**SUPPLIED MATERIAL**
________________________

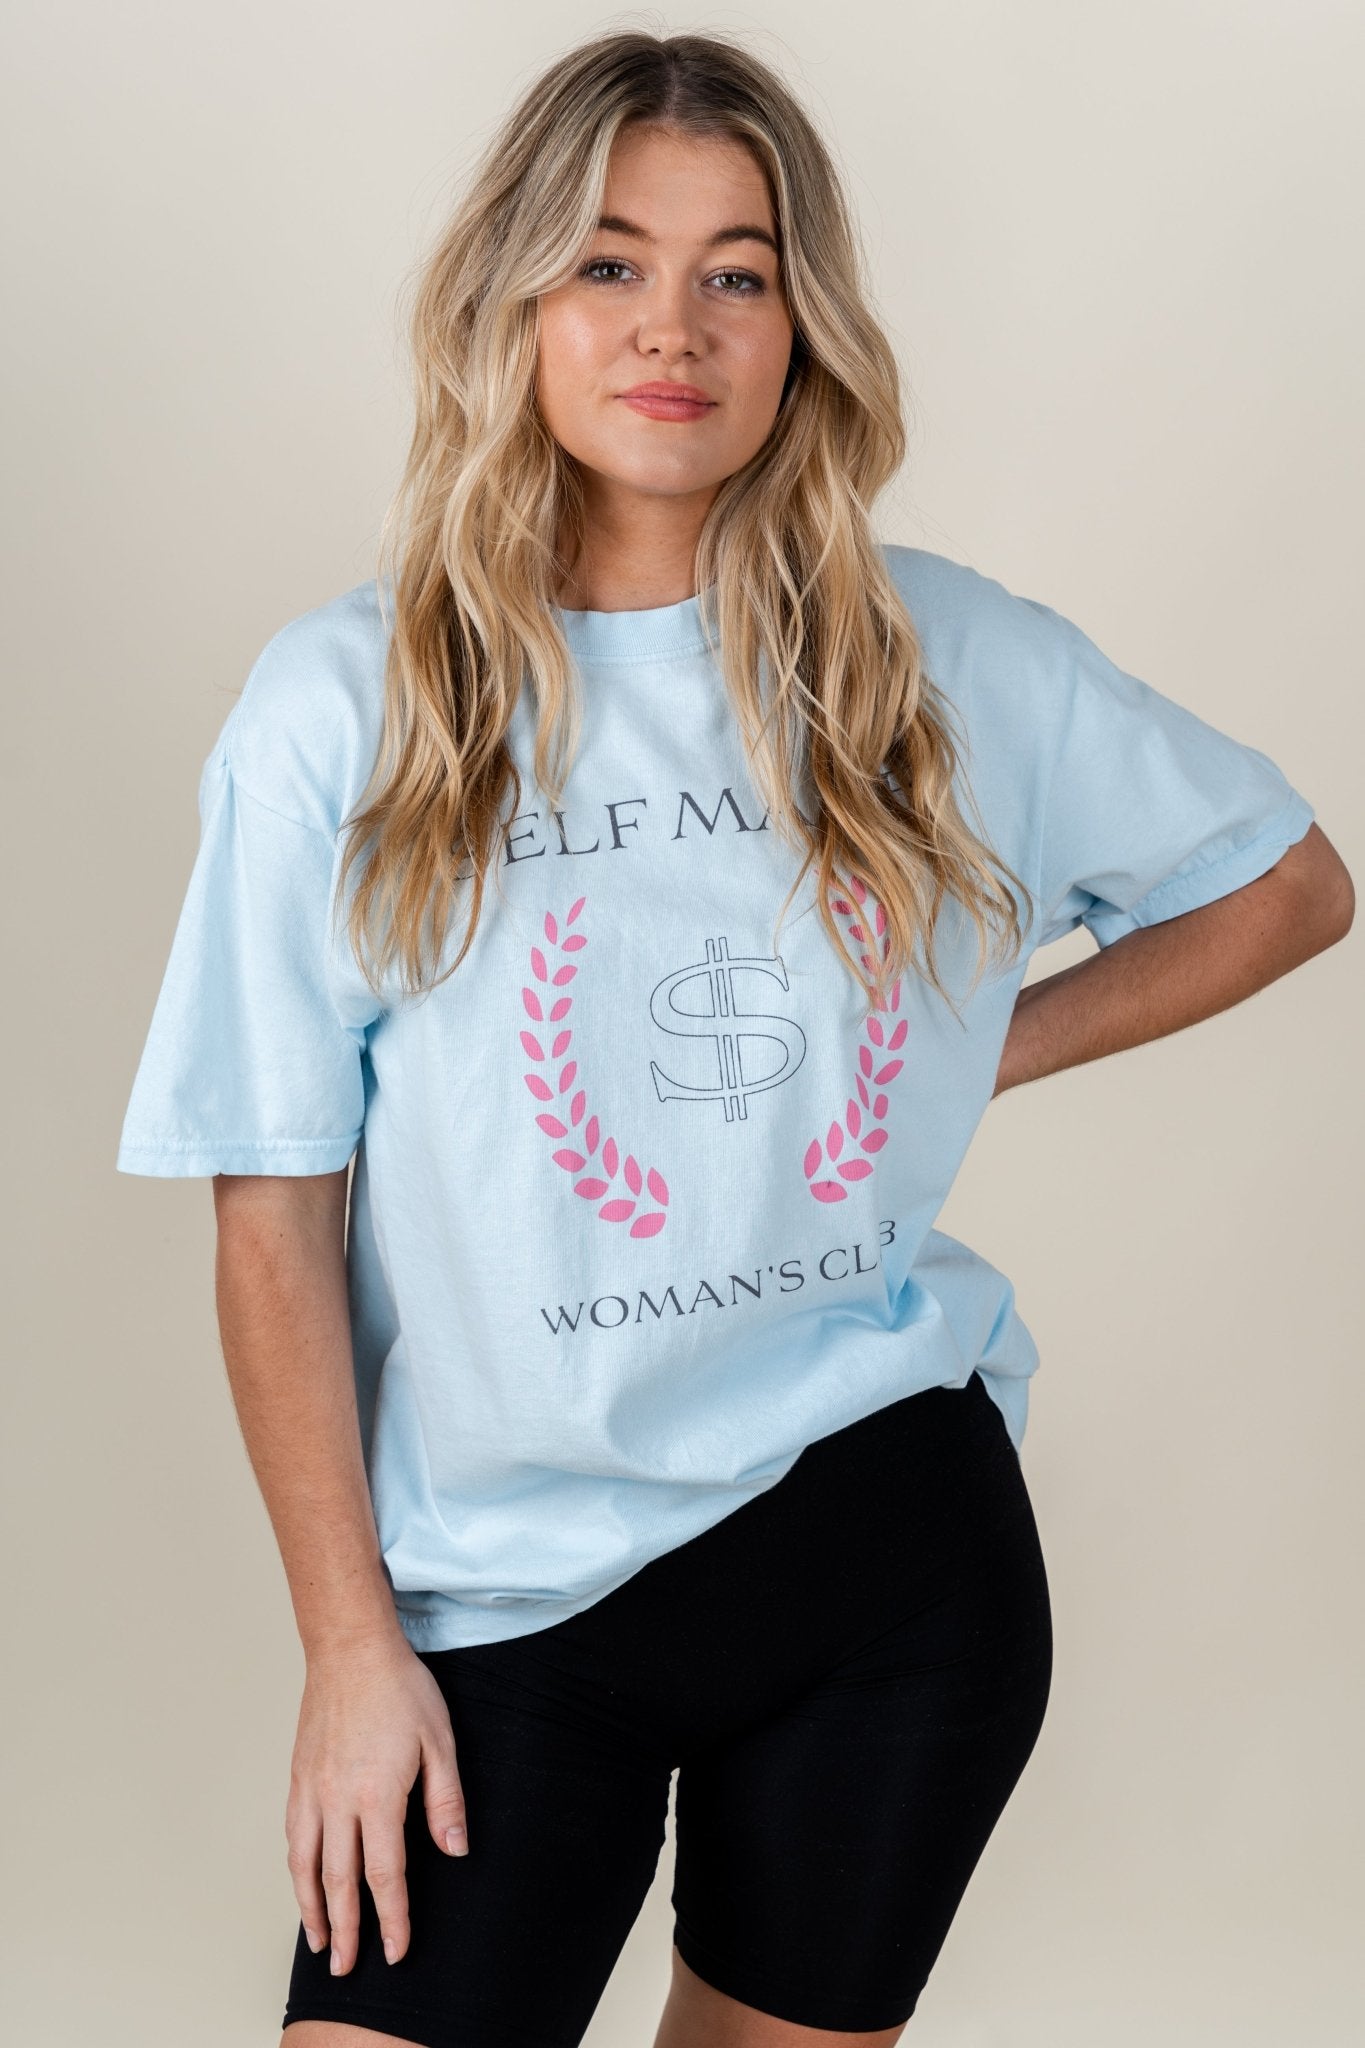 Self made woman's club t-shirt soothing blue - Affordable T-shirt - Boutique Graphic T-Shirts at Lush Fashion Lounge Boutique in Oklahoma City
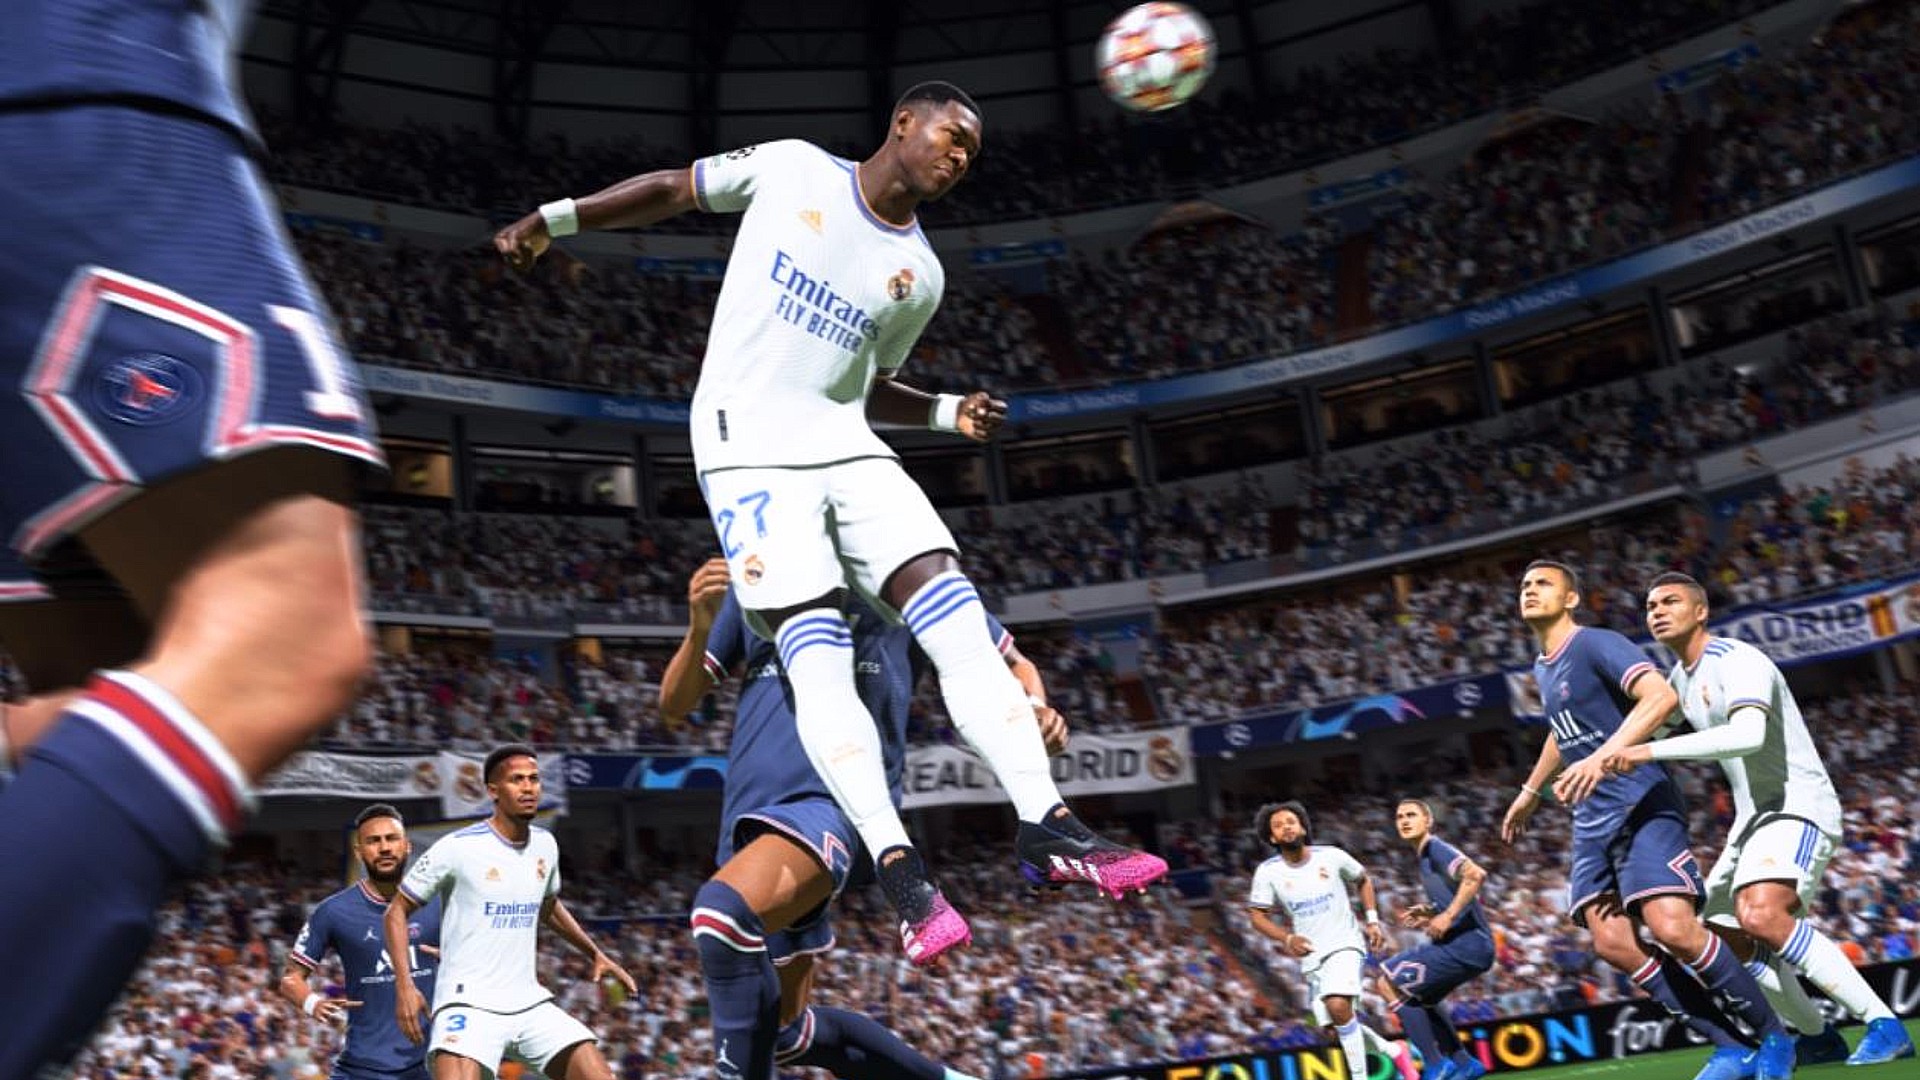 FIFA 22 HyperMotion: A player in white leaping into the air to header the ball.
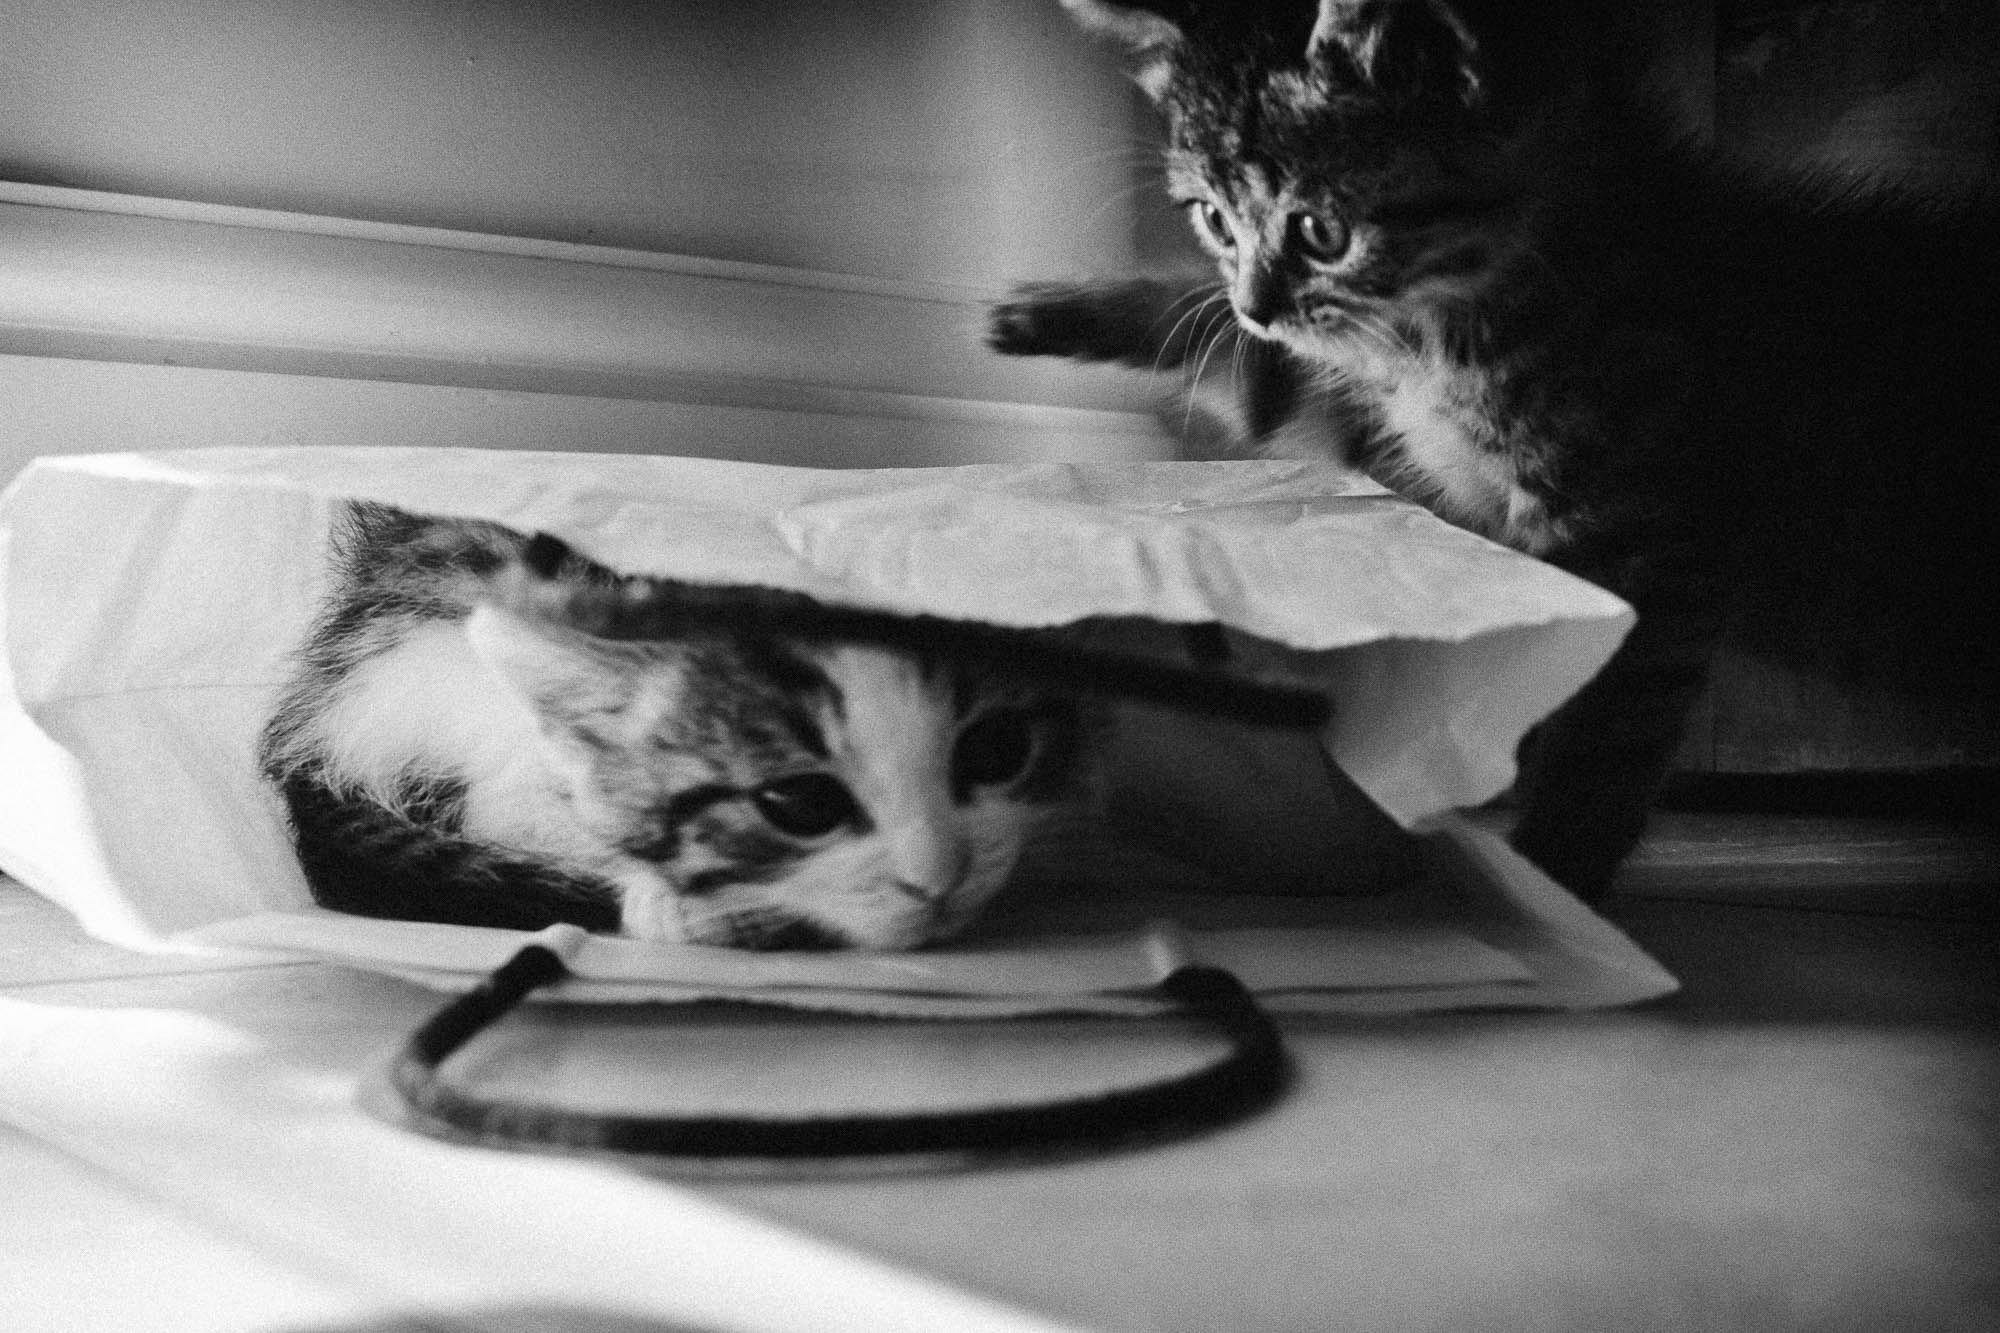 rufus and martha playing in a paper bag

________________________

**EXERCISE GOAL**
Give the listing again exactly, but omit each image.

**SOLUTION**
 Self made woman's club t-shirt soothing blue - Affordable T-shirt - Boutique Graphic T-Shirts at Lush Fashion Lounge Boutique in Oklahoma City
 FIFA 22 HyperMotion: A player in white leaping into the air to header the ball.
 rufus and martha playing in a paper bag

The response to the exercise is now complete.